OS-Copilot
Type: ../types/agent-memory-system-review.md · Status: current · Tags: related-systems, trace-derived
OS-Copilot is the open-source codebase behind FRIDAY, a generalist computer-use agent for Linux and macOS from the OS-Copilot project. The reviewed implementation is less a broad knowledge base than a task agent with an accumulated executable tool library: it decomposes OS tasks, retrieves existing tools, generates and repairs code, judges completed subtasks, and stores high-scoring Python tools for later vector retrieval.
Repository: https://github.com/OS-Copilot/OS-Copilot
Reviewed commit: https://github.com/OS-Copilot/OS-Copilot/commit/f720af8807e49a92dda64572d2c6bc6c0ac7ee7e
Core Ideas
The memory object is a generated tool, not a note. The durable store is oscopilot/tool_repository/generated_tools/: generated_tools.json, per-tool code files, per-tool description files, and a Chroma vector database. ToolManager.add_new_tool(...) writes all four surfaces and persists the vector index; retrieval returns tool names by embedding similarity over tool descriptions, then fetches descriptions or code from the JSON-backed map (tool_manager.py, generated_tools.json).
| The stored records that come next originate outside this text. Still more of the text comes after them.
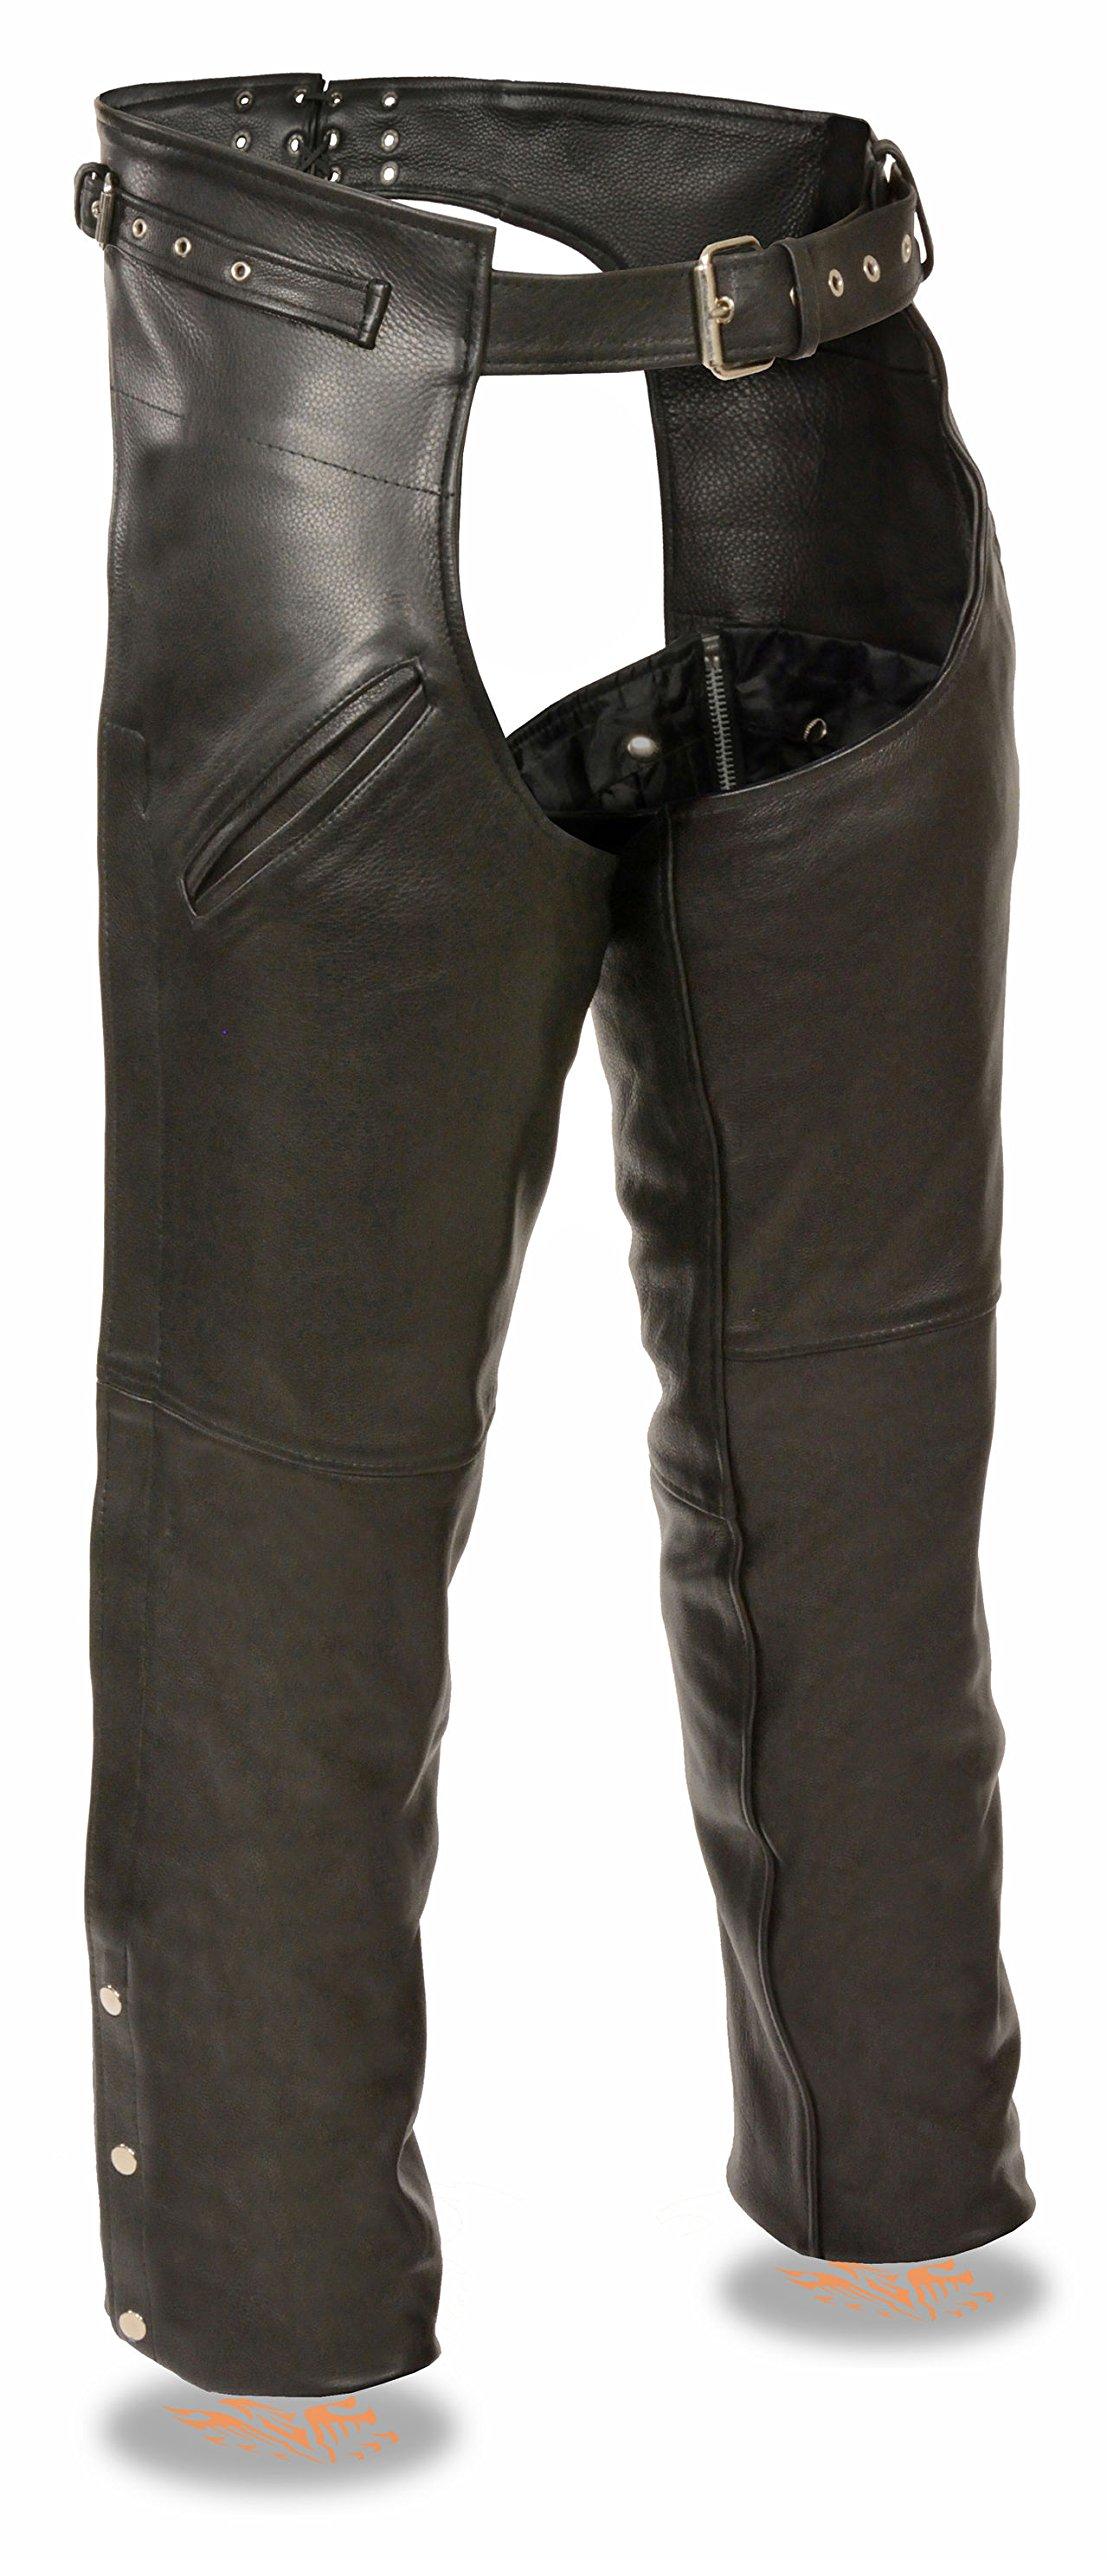 Milwaukee Leather Men's Gun Holster Leather Chap w/ Thigh Pockets (Black, 5X)
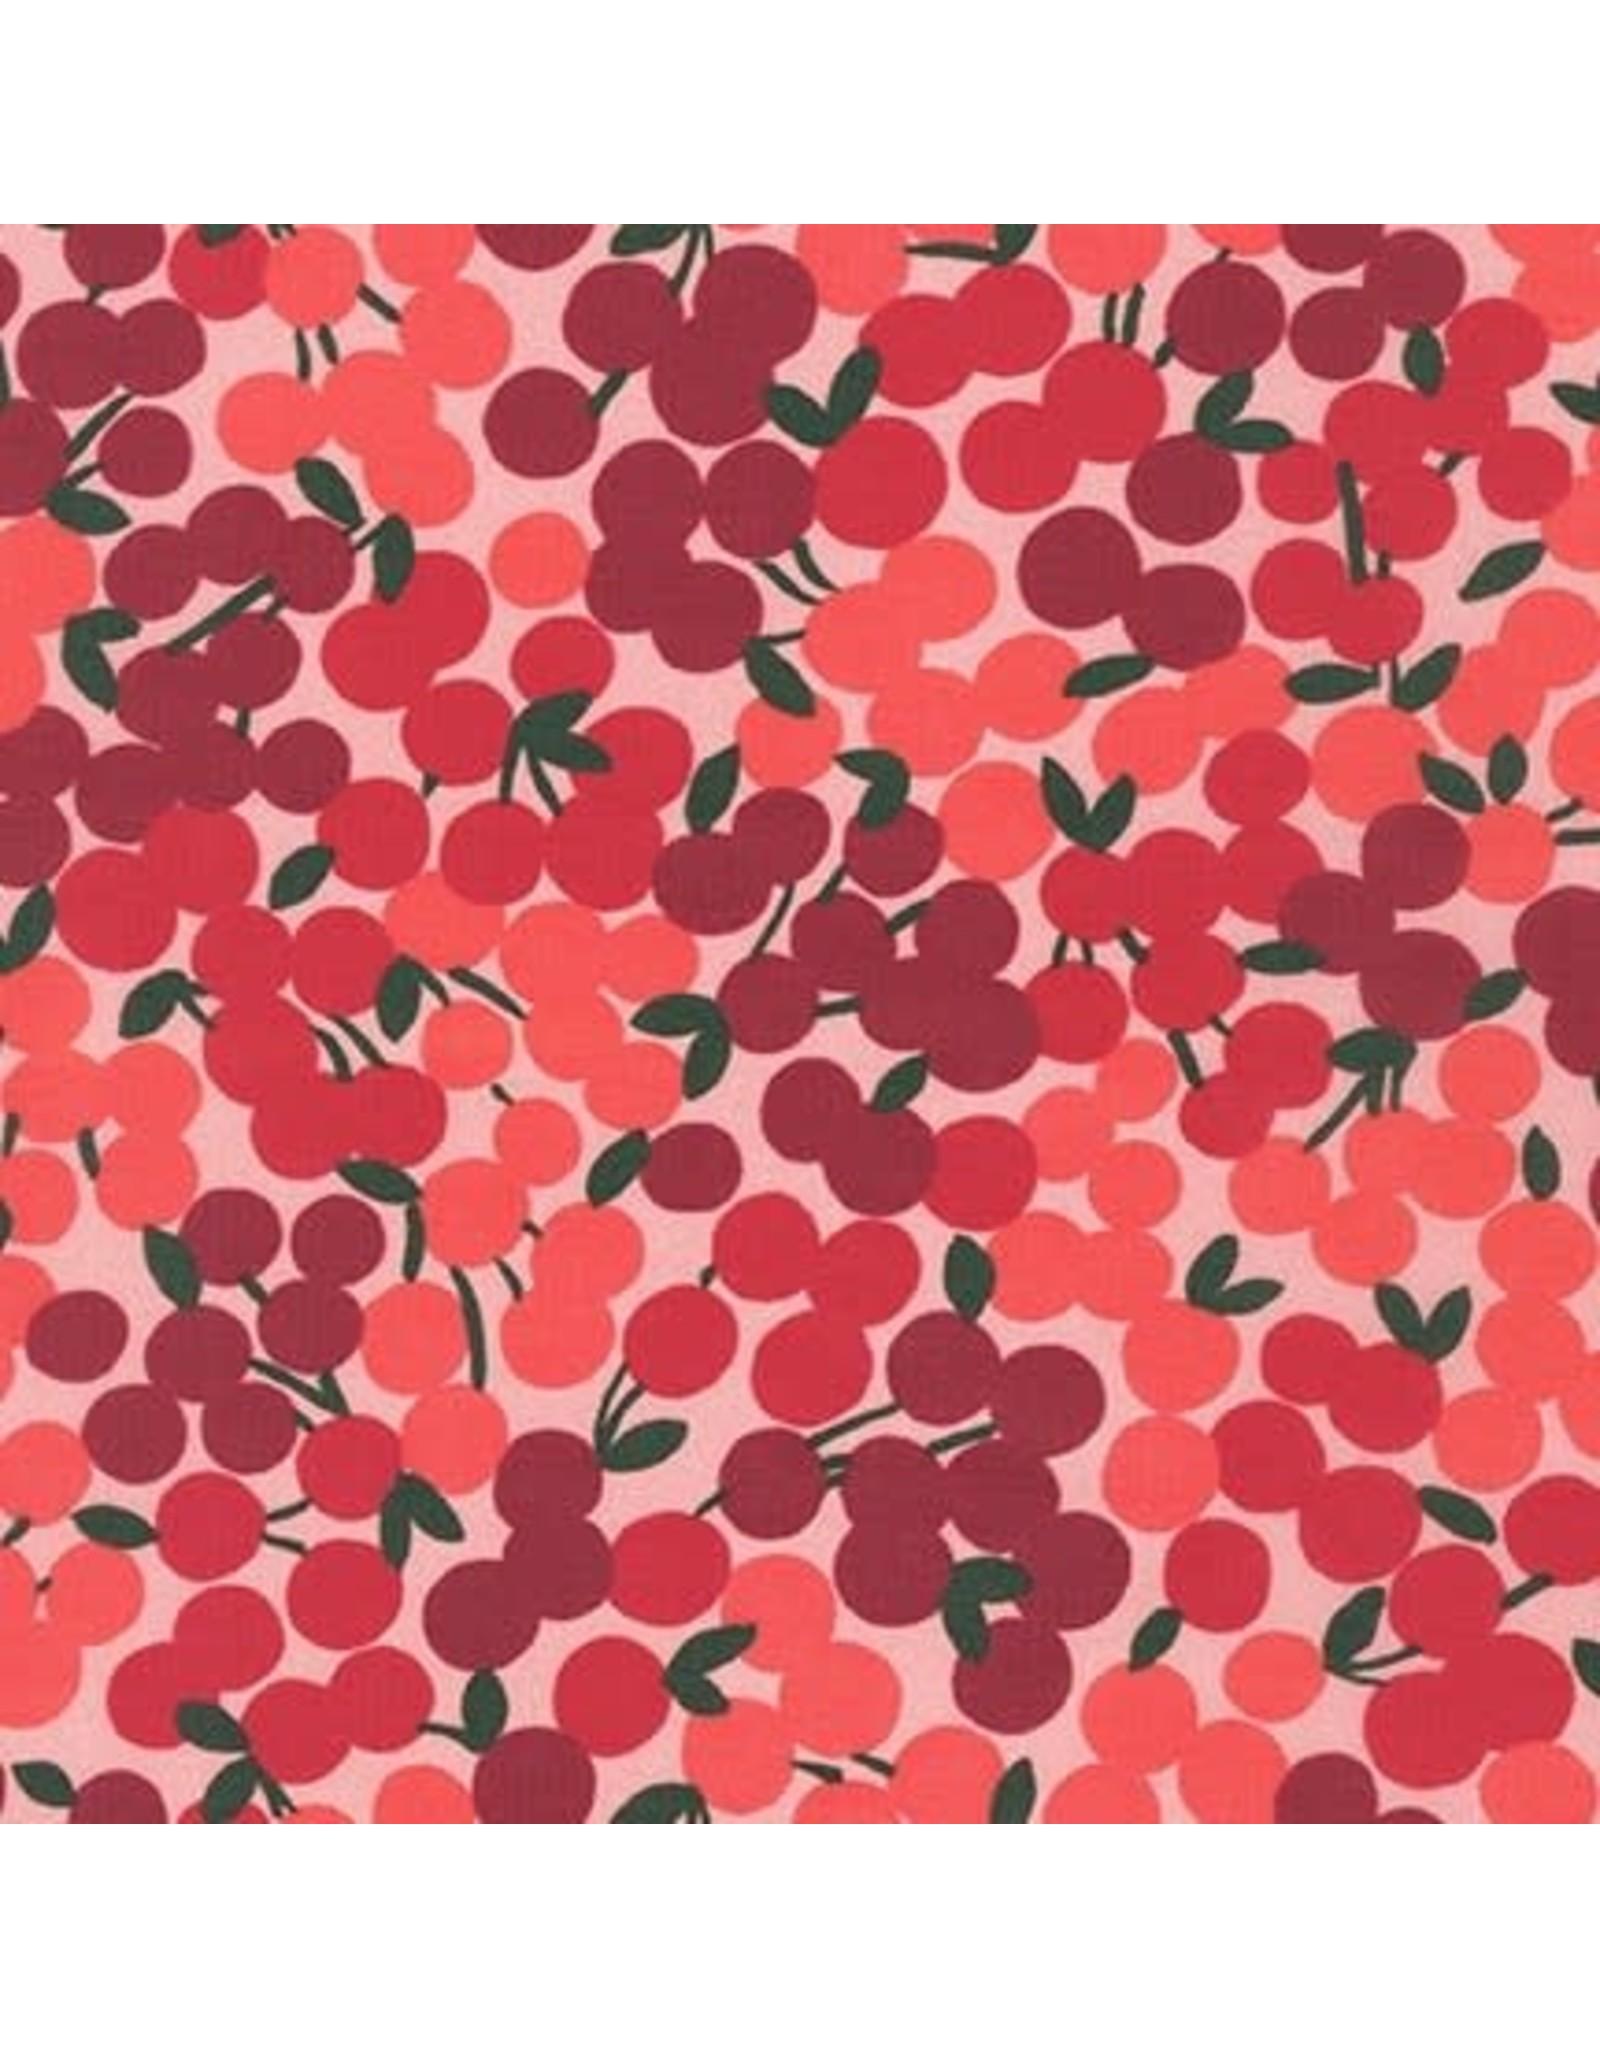 Robert Kaufman Cotton Lawn, Wishwell Cheery Blossoms in Cherry, Fabric Half-Yards
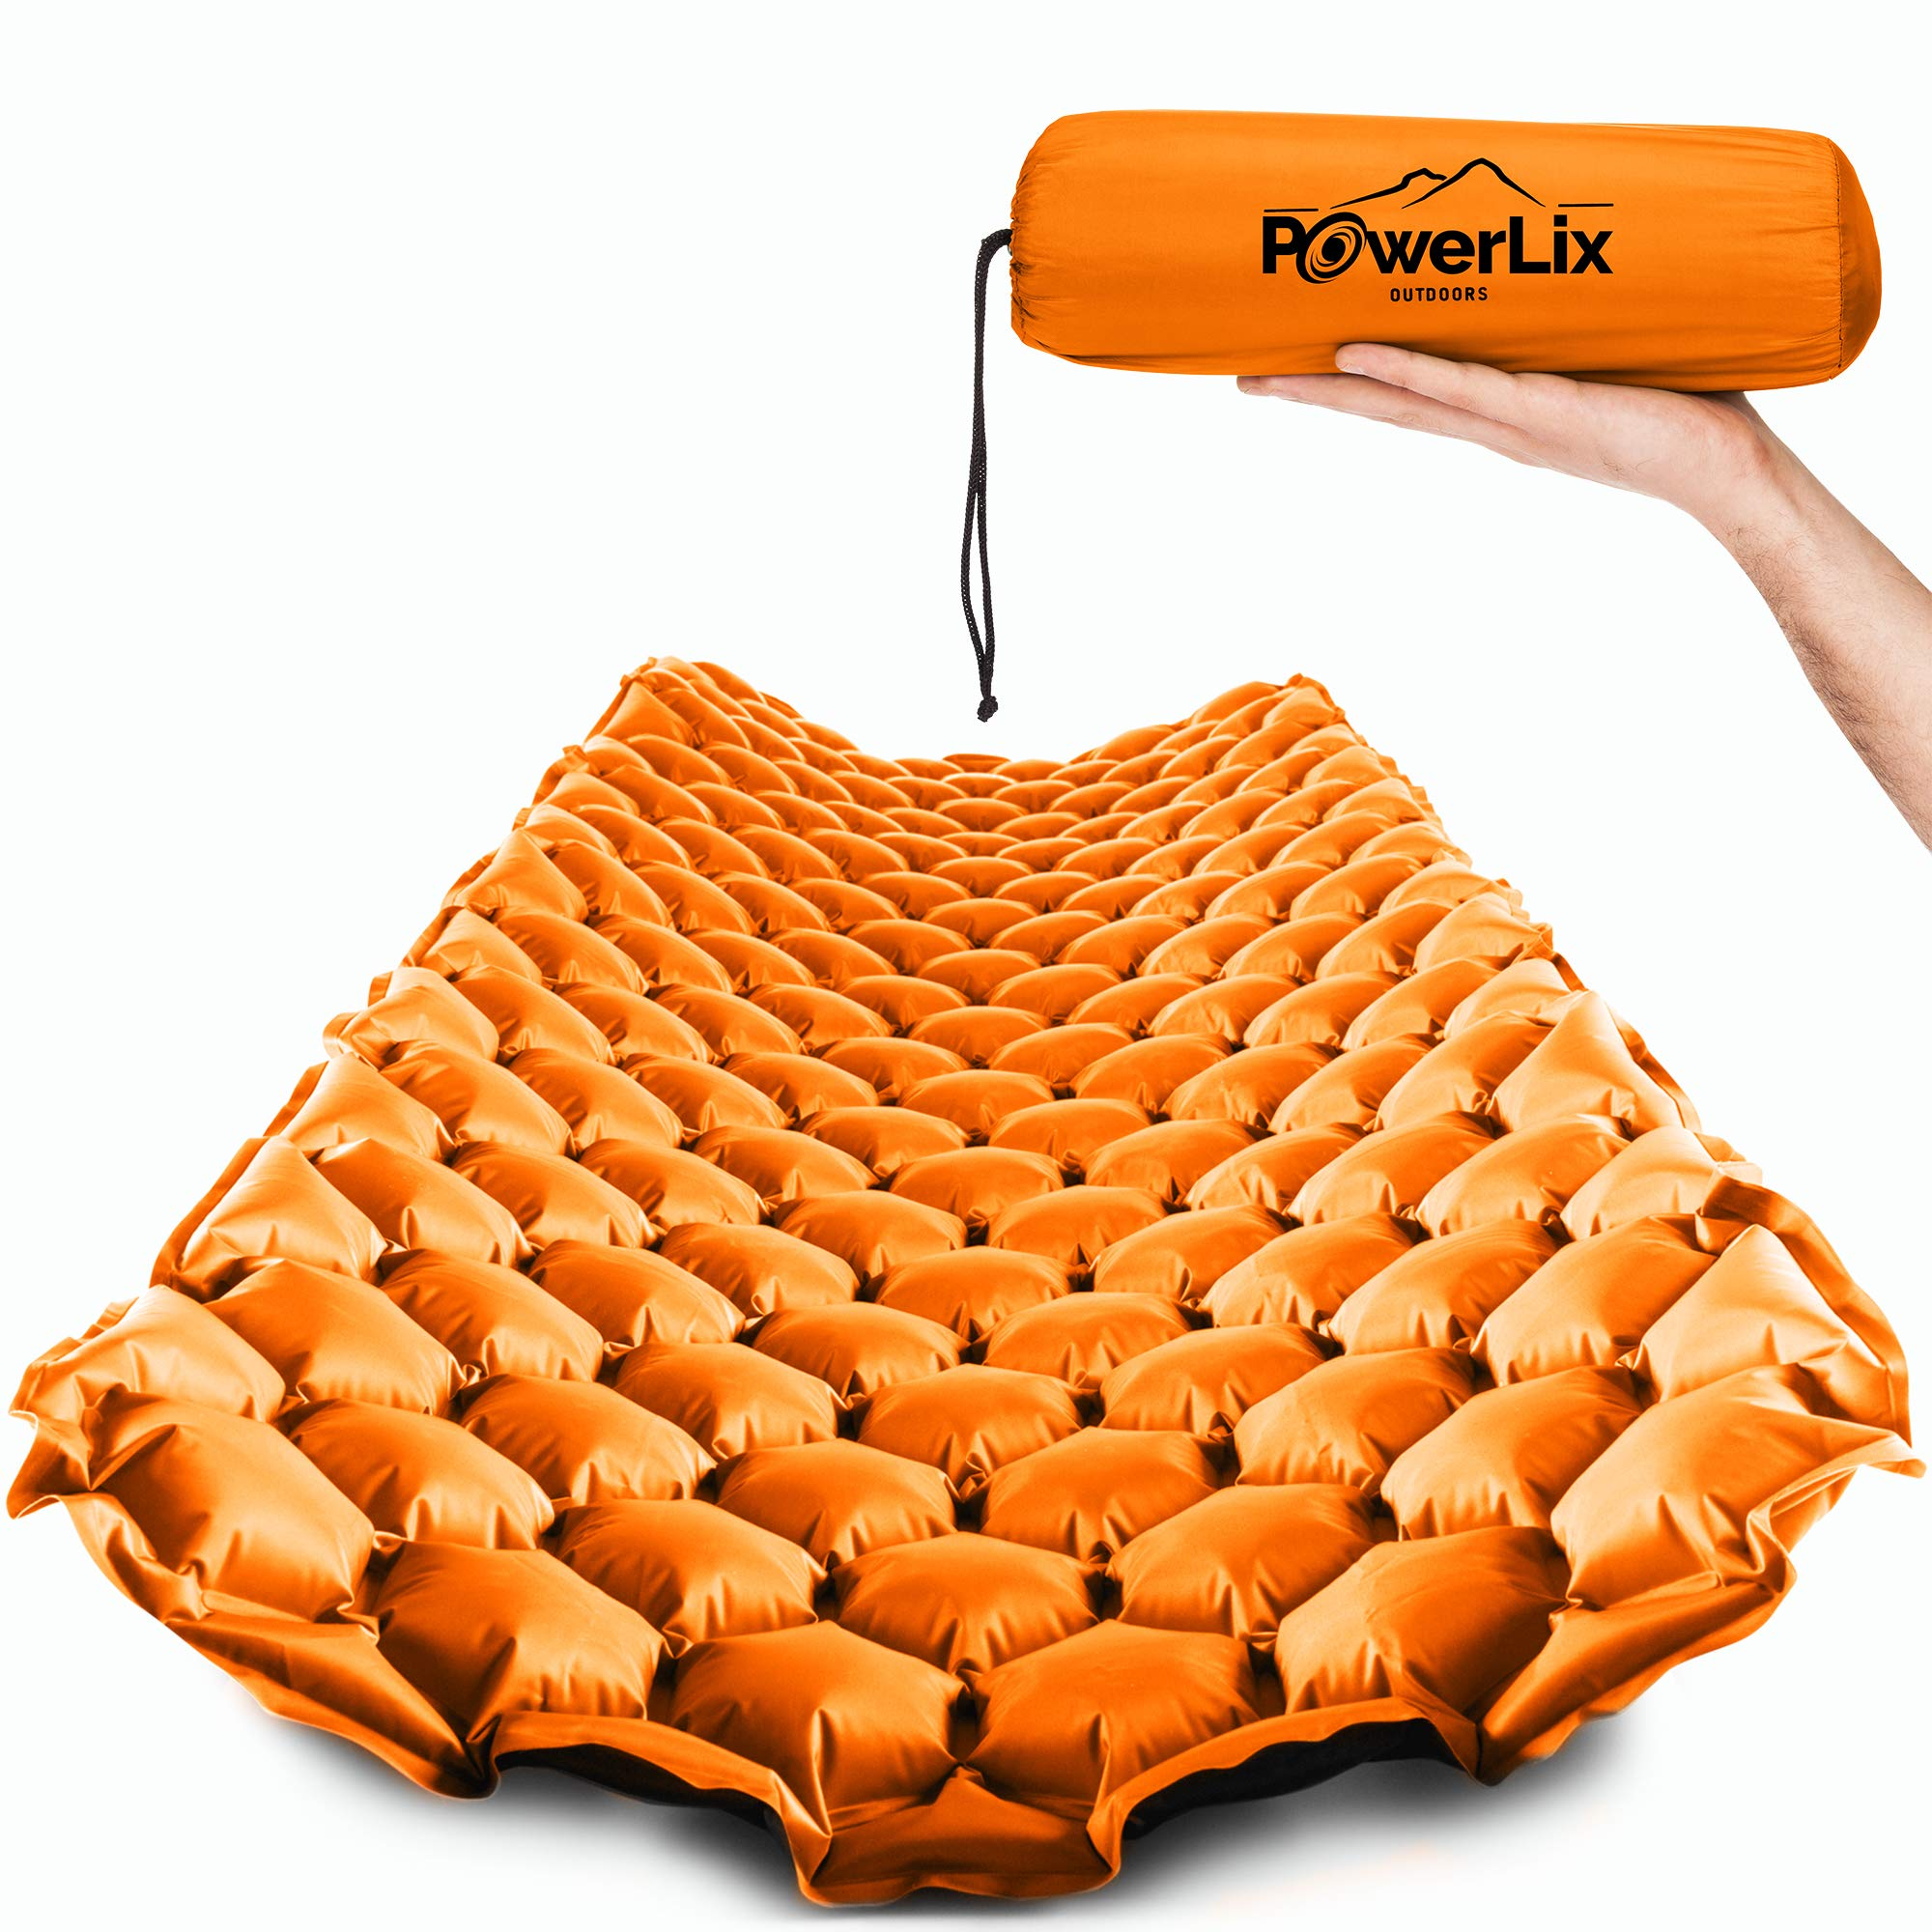 PowerLix Sleeping Pad Orange Black

Planning is a typed DAG over OS actions. FridayPlanner.decompose_task(...) prompts the LLM to produce JSON subtasks with description, dependencies, and type, then builds an ActionNode graph and topologically sorts unfinished nodes. The types are execution modes rather than knowledge types: Python, Shell, AppleScript, API, and QA (friday_planner.py, friday_pt.py).
Execution uses the operating system as the feedback surface. FridayExecutor.generate_tool(...) asks the LLM for code and invocation logic, execute_tool(...) runs it through the unified Env, and judge_tool(...) sends the code, output, error, working directory, directory listing, and downstream task needs back to the LLM for a Complete / Amend / Replan judgment plus a 1-10 generality score (friday_executor.py, env.py).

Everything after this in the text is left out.